The biggest change I ever made in my life was changing from being a skeptic or agnostic concerning my life to one of realization that we do not come to an end when our physical bodies die. It was when I was introduced to what is often called the 'paranormal' or mysticism. It came with the simple suggestion that I try a particular occult practice, much as is done by Spiritualists, but to undertake it alone, so that there would be no doubt in my own mind that someone was playing tricks on me or kidding me along. I tried the practice and, after a number of efforts, found that it did work.
This meant, in effect, that I could communicate - if the others parties were willing - with people who were supposedly 'dead.' In other words I was being contacted by and contacting and communicating 'with the spirits.'
Of course, the primitive way I'd been doing this gave way to my now commonly used practice of Automatic Writing or, more accurately, Automatic Typing (I learned to touch type at eighteen years of age)
So to answer the question of my biggest personal change: it was one of the mind and heart. For I realized that I - and, of course, every other human being - is far, far more than most of us give ourselves credit for. But a lot of my Hubs bespeak my current knowledge, beliefs, and knowings. Maybe you can learn more about these by have a read of some of them.
The decision to stop worrying about my body size and learning to accept I have curves and make the most of them!
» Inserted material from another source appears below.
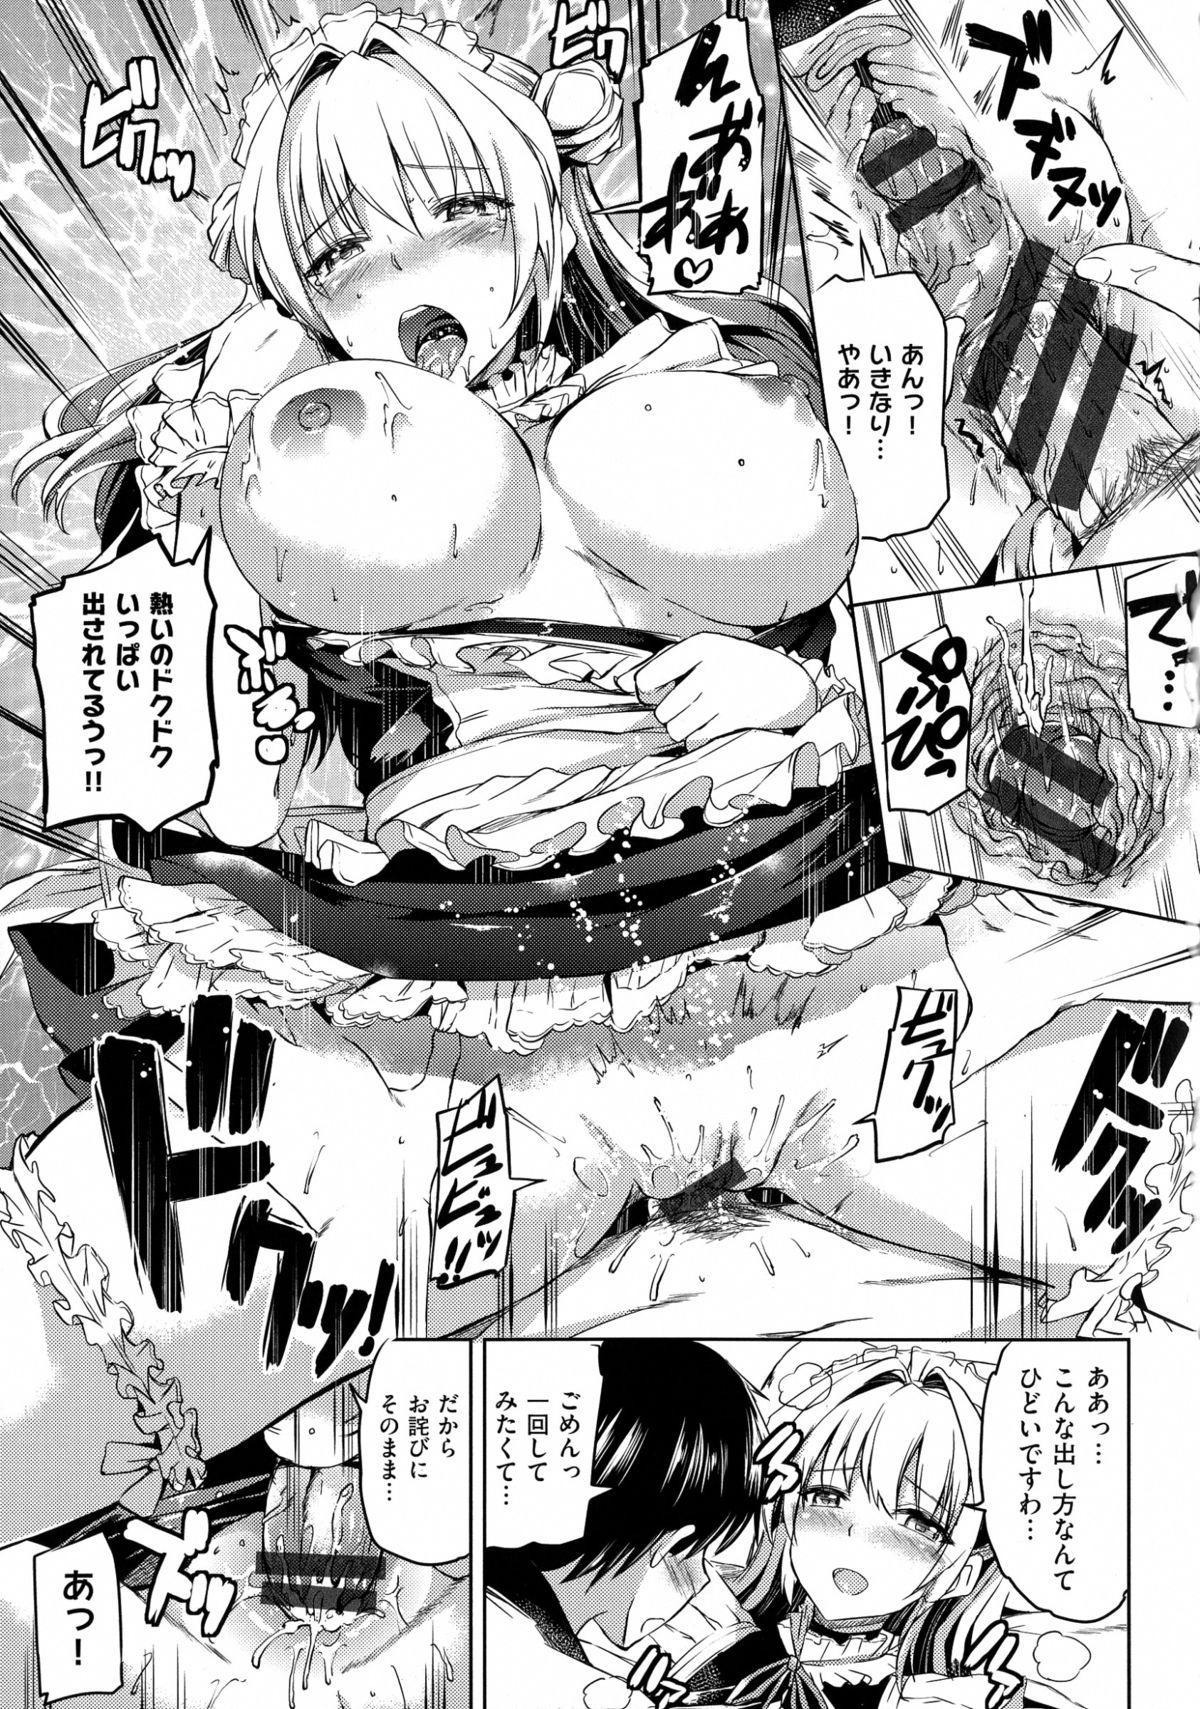 Ojousama no Maid Jijou 28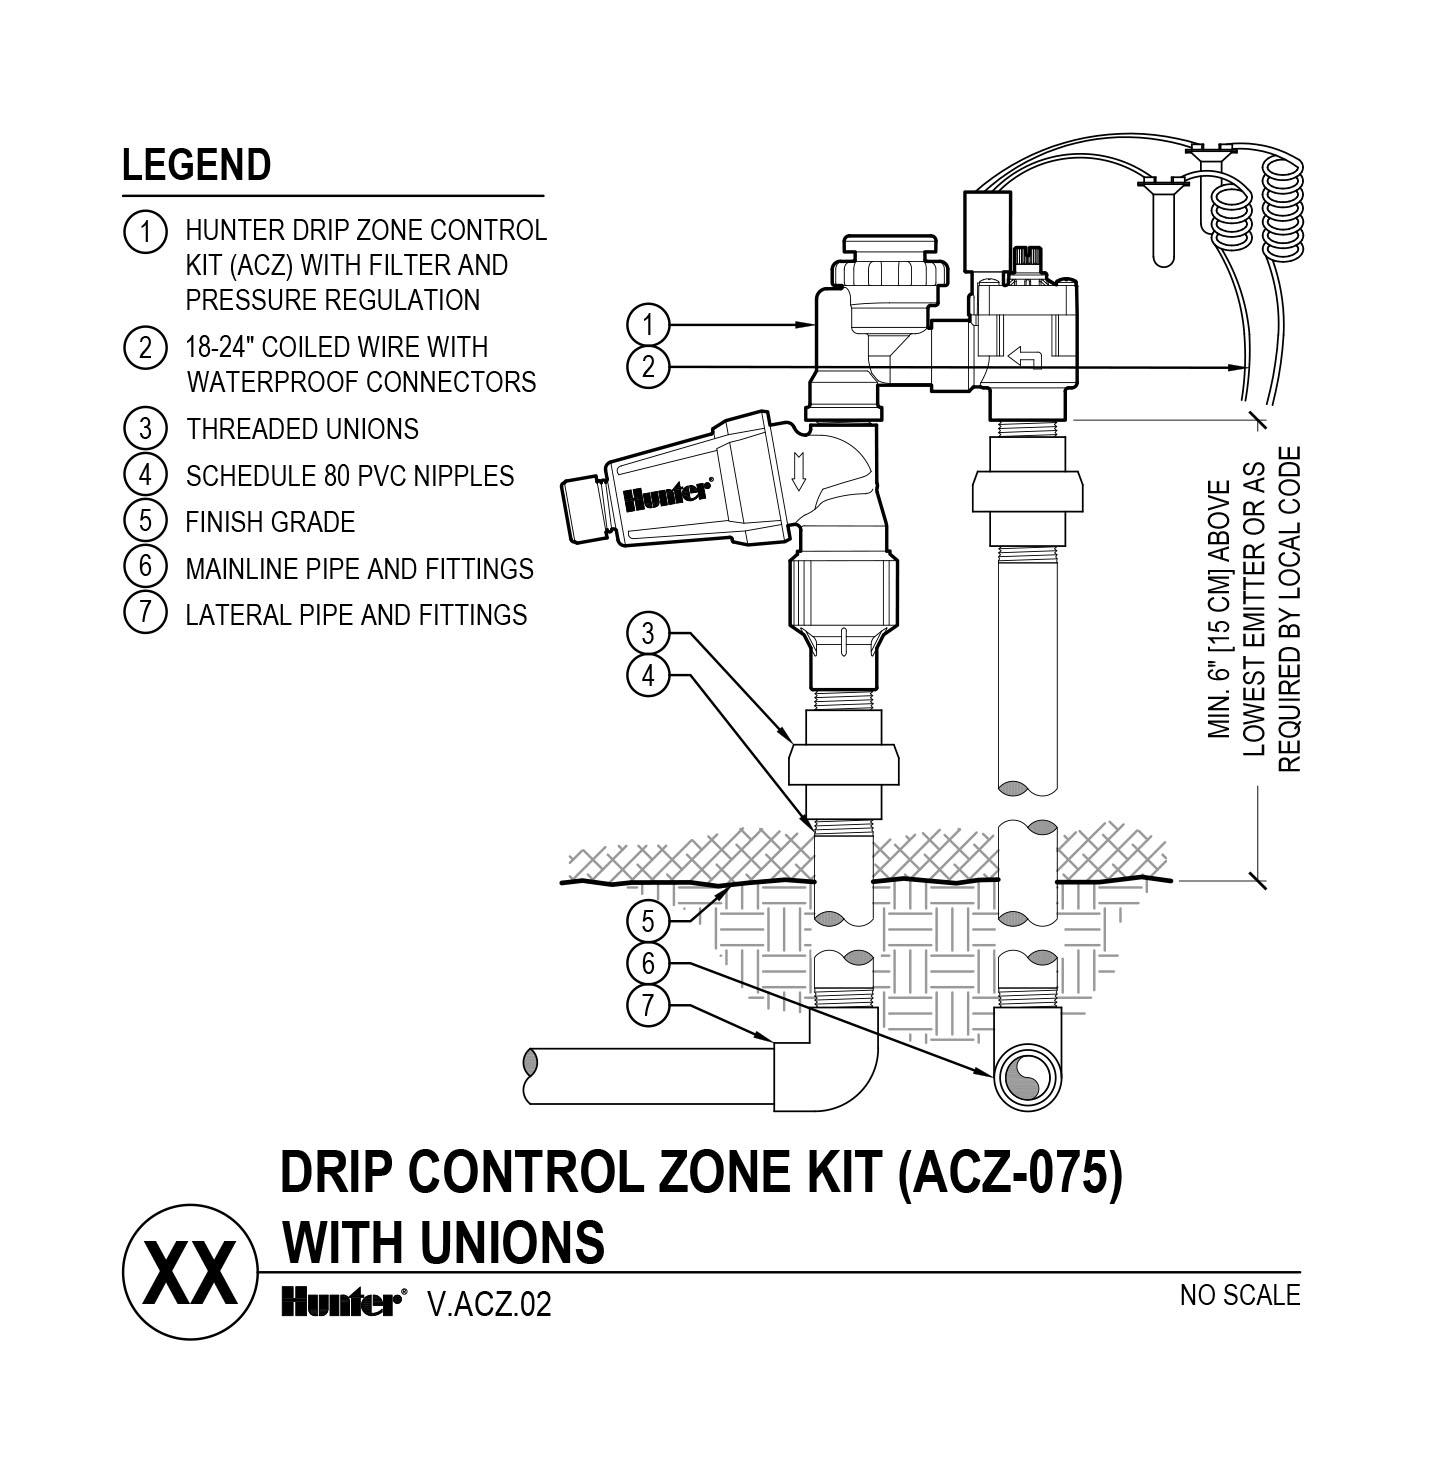 CAD - ACZ-075 with Unions

At first I thought it was getting married, now I have to say being a dad sparked the biggest change in me - the change is more patience in me.
The biggest personal change I've ever made was accepting myself for who I am and just be thankful in what I have in life. I realized that the way you look, the things that you have, and the accomplishments you've achieved will not make you happy. It's your attitude and outlook in life that are the most important elements of happiness. As the old adage goes, "In acceptance lieth peace."
My biggest personal change would have been learning to live single, after my husband died. This took me a few years to really adjust to it, but now it is more of a sacred journey. . I have many things that I am learning, and involved in from quantum physics to metaphysics, and trying to tie this together for the lay person.
My sacred journey though didn't come right away. I experience a few more relationships, with failure, yet tons of growth. When I finally said stop to relationships, I began to devote time to getting to know me. It was in this process that my journey has turned into a sacred journey. Life is good. Yes, I miss hubby, yet I talk to him about my new findings and thoughts, knowing he hears me. I also am aware he leads me to information. I am not scared to be alone any more, nor to die alone. My sacred journey is met daily with a thank you for another day to live.
Being single is offering me opportunites that I could not explore when married or in a relationship. It has open so many doors, and I now only answer to myself. Self-empowerment has now crept through ever vein in my body, and I live my life according to me.
Lossing my husband was the hardest challenged I have ever experienced, yet I was strong enough to get off the floor, and go and discover me. That is my gift to him.
Going single to married. I had to do an "about face", all of a sudden "me, myself and I" became " we, ourselves and us".
I was terrified at first when I realized that our future was up to me and him and all of a sudden, for a while, I didn't know what I wanted in life anymore.
Was it a wise decision?
How is this going to play out?
Fantasy - Although it felt like I knew him all my life.
Reality - I really didn't.
Well, 20 years and we are still together, happy as ever!
After writing an answer to a similar question, "What's the most significant life-changing event in your life?" - I see your question more fits my story.
As I wrote there, small changes taken together become a process of change. I think especially if one is on a course of conscious self-evolution.
The small changes that have added up to significant shifts have stemmed mostly from a choice to let go of old fixed ideas, let go of attachments to how things have to be and also to material possessions.
At first it was definitely not easy to let go of things I was attached to, but after practicing this type of letting go for the past 13 years, it becomes easier and even joyful as I have found in letting go a true freedom. It is also becoming more natural to let go of hard-headed ideas of what is right and wrong, to humble myself and let go of reaction and defensiveness. The reward is living more of who I really am.
An all-at-once big change, a major turning point, came when after a traumatic event I reflected on what I believed and why. That story is also told more fully in the hub, "What do you believe and why?"
After writing out principles to live by, a few years later I chose to be true to myself, and that choice set me off on a real life adventure which has shown me that until then I was not truly alive.